Lines before the one containing "Facebook campaigns opposing" are not wanted; restate the rest below word for word, through the last line, but drop any pictures.

___ Collected material

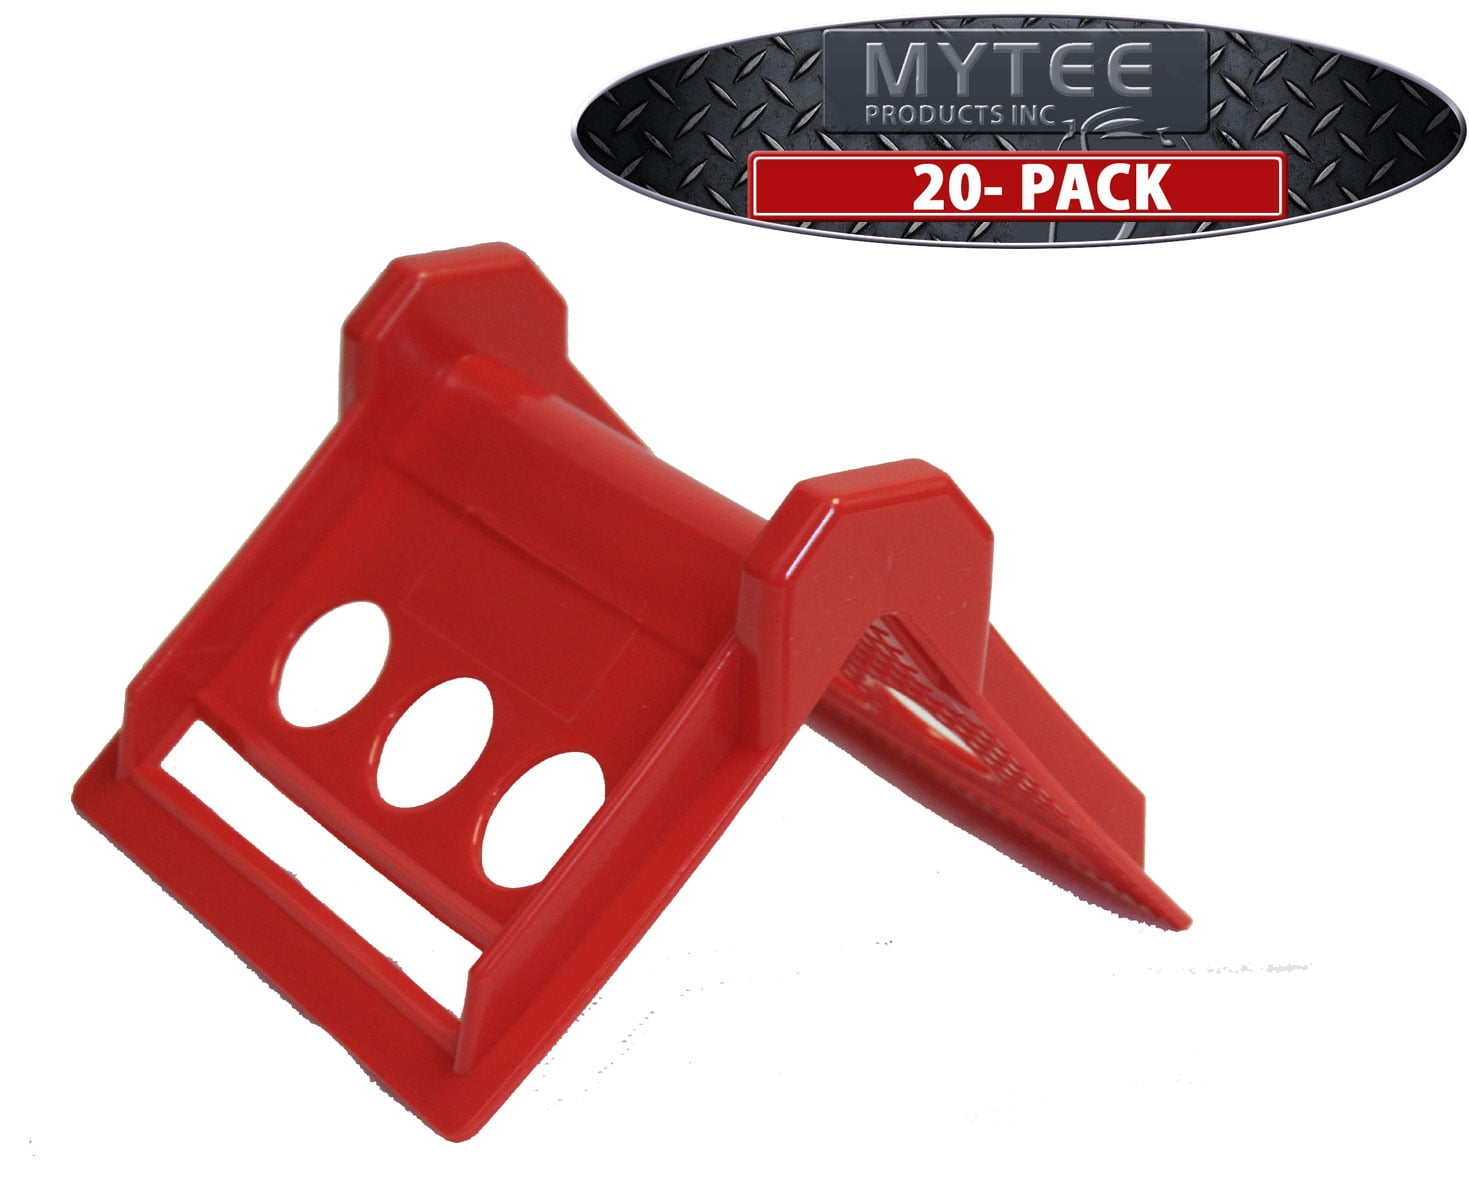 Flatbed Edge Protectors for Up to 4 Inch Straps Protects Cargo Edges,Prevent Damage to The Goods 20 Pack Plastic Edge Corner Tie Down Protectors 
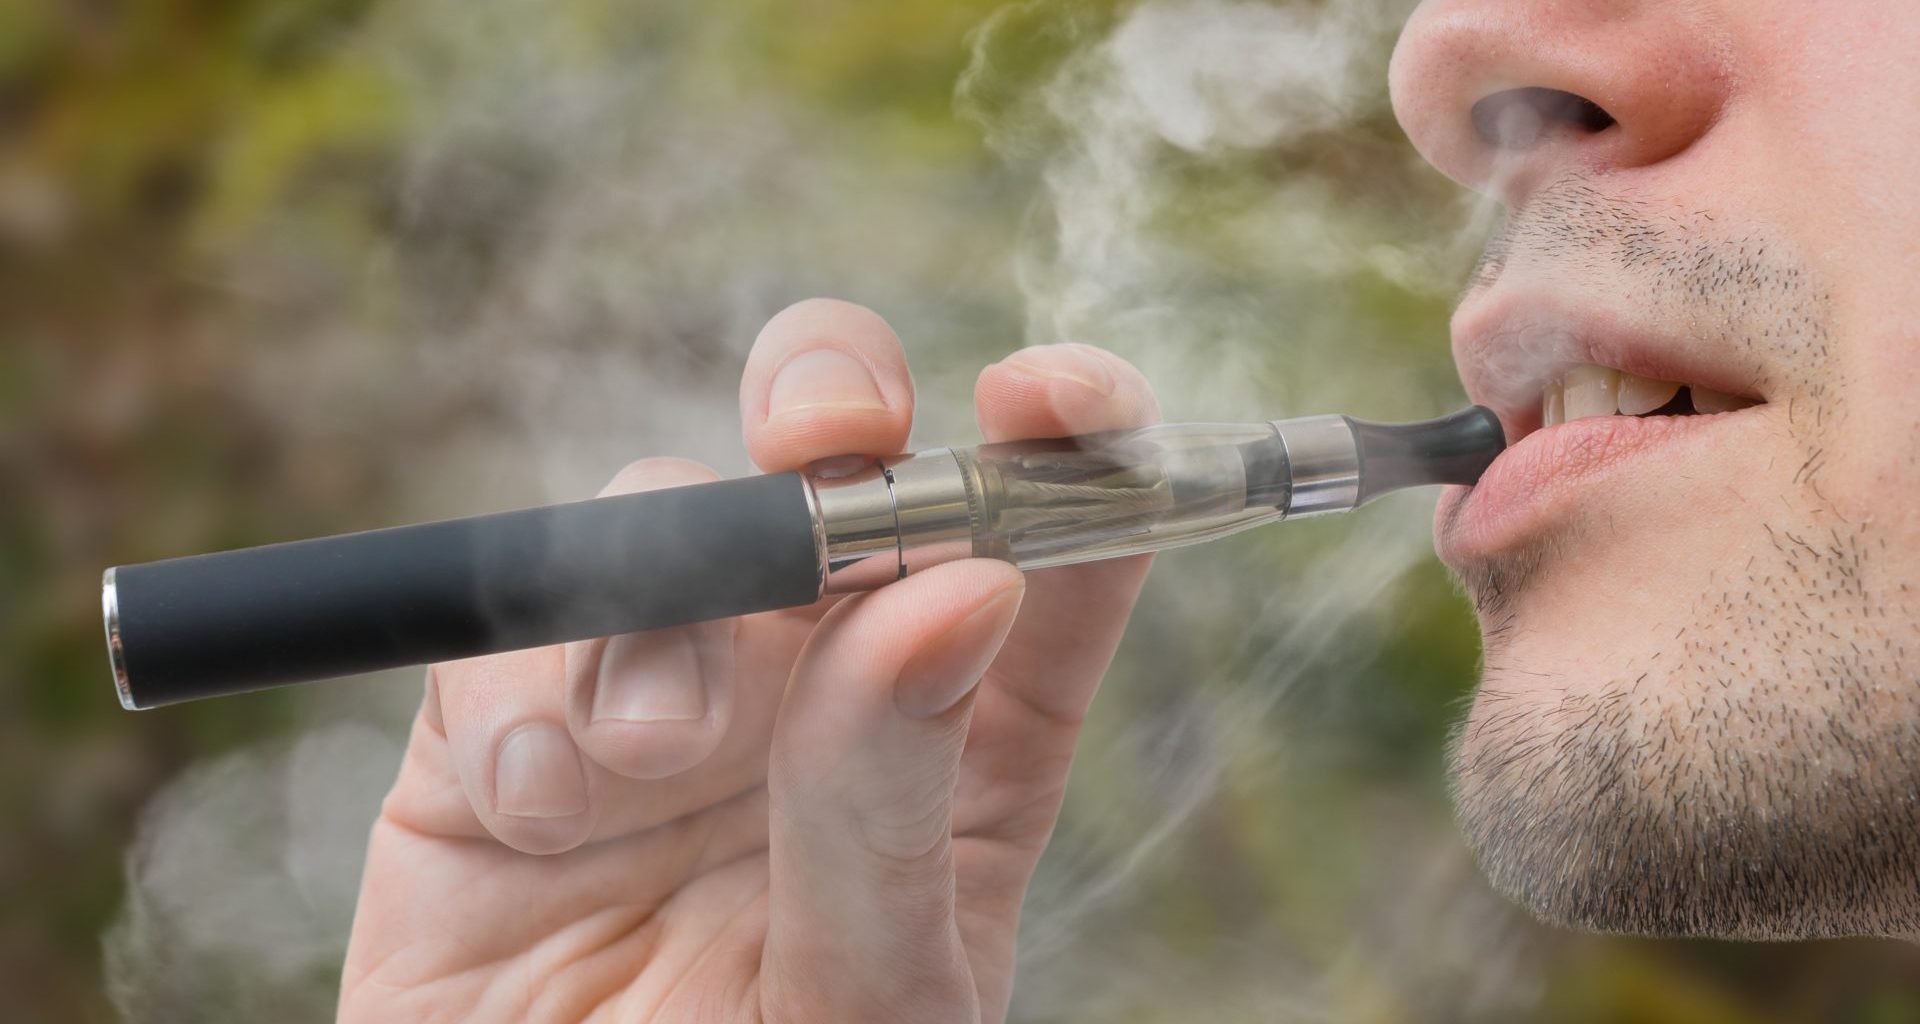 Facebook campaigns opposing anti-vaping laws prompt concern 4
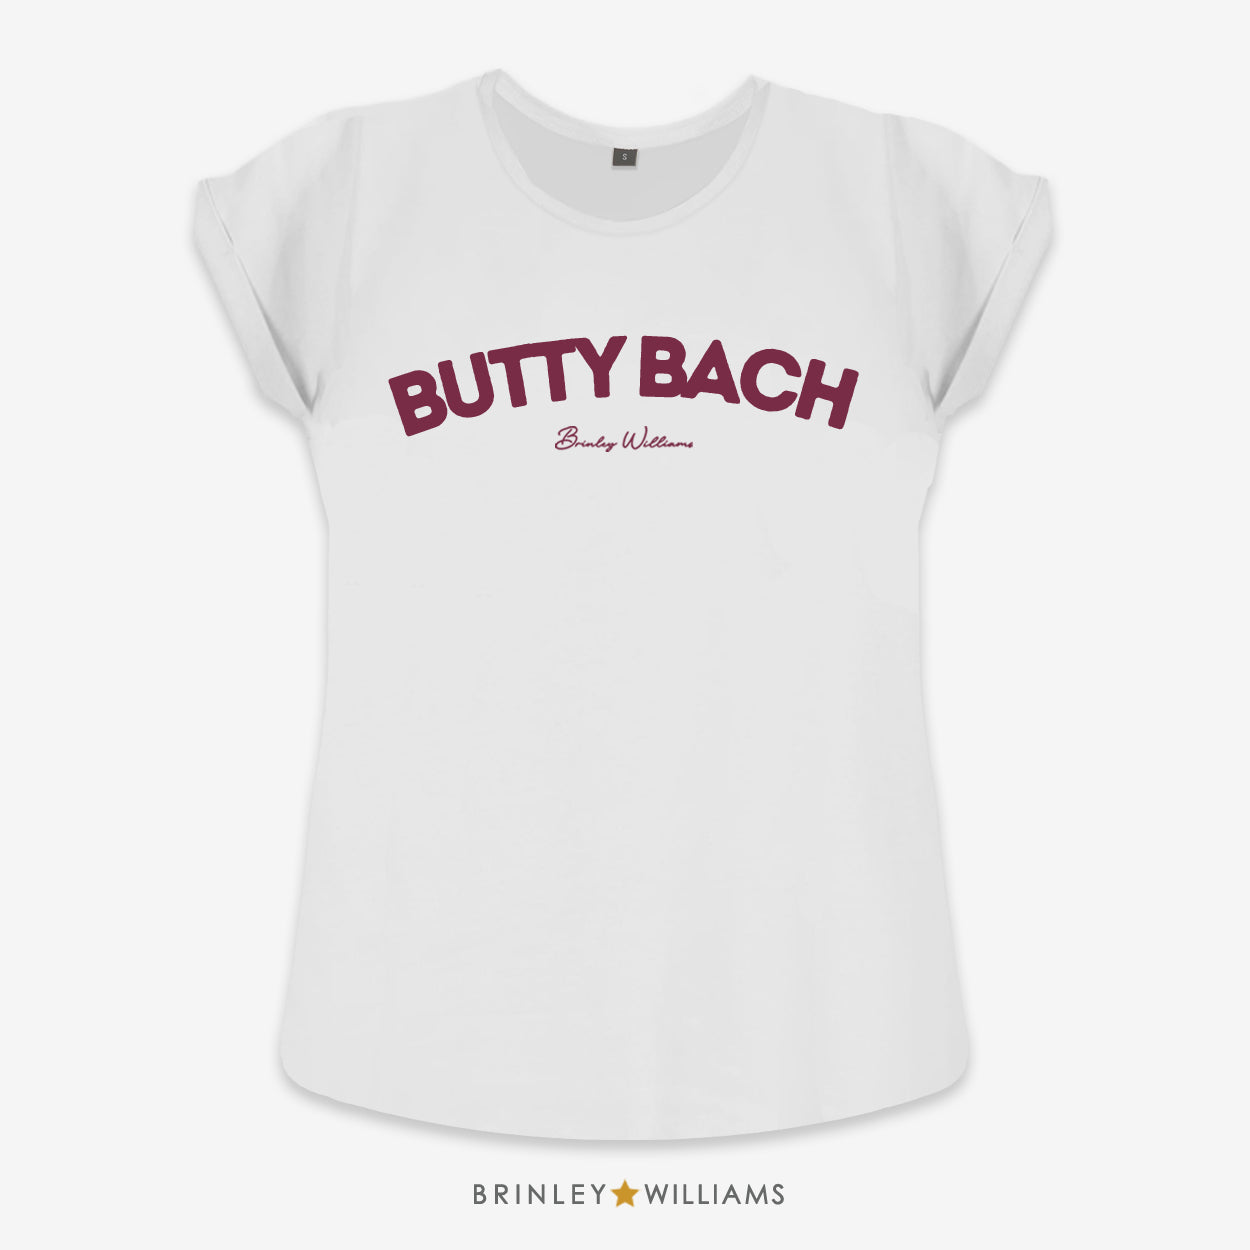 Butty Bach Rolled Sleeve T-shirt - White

______

▶ _Your solution_:
 Facebook campaigns opposing anti-vaping laws prompt concern 4
 Butty Bach Rolled Sleeve T-shirt - White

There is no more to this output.